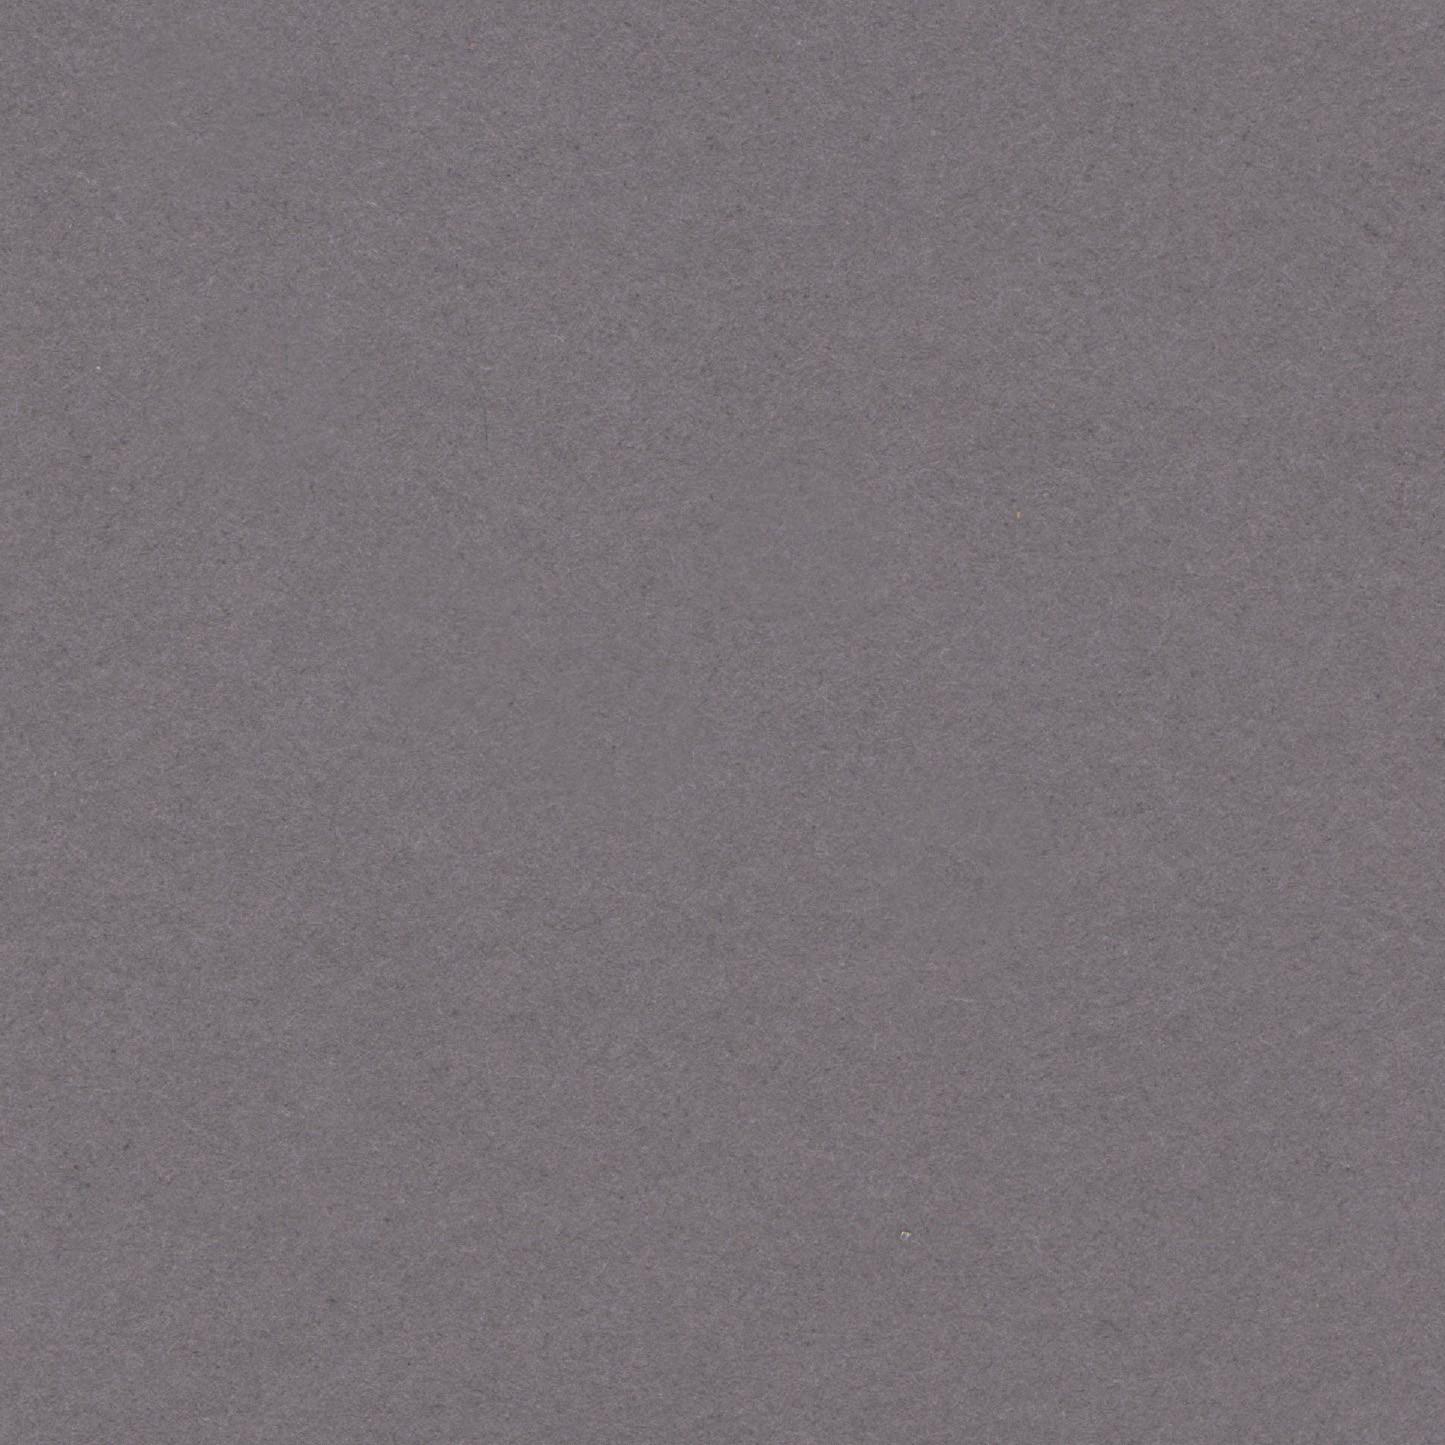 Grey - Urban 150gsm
=-=-=-=-=
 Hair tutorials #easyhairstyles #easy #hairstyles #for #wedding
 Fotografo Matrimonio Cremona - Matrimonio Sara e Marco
=-=-=-=-=
# Work to complete
Extract from the listing above the lines between the line containing "Hair tutorials #easyhairstyles" and the line containing "Fotografo Matrimonio Cremona", keeping both of those lines. Output nothing else.

# Response area
 Hair tutorials #easyhairstyles #easy #hairstyles #for #wedding
 Fotografo Matrimonio Cremona - Matrimonio Sara e Marco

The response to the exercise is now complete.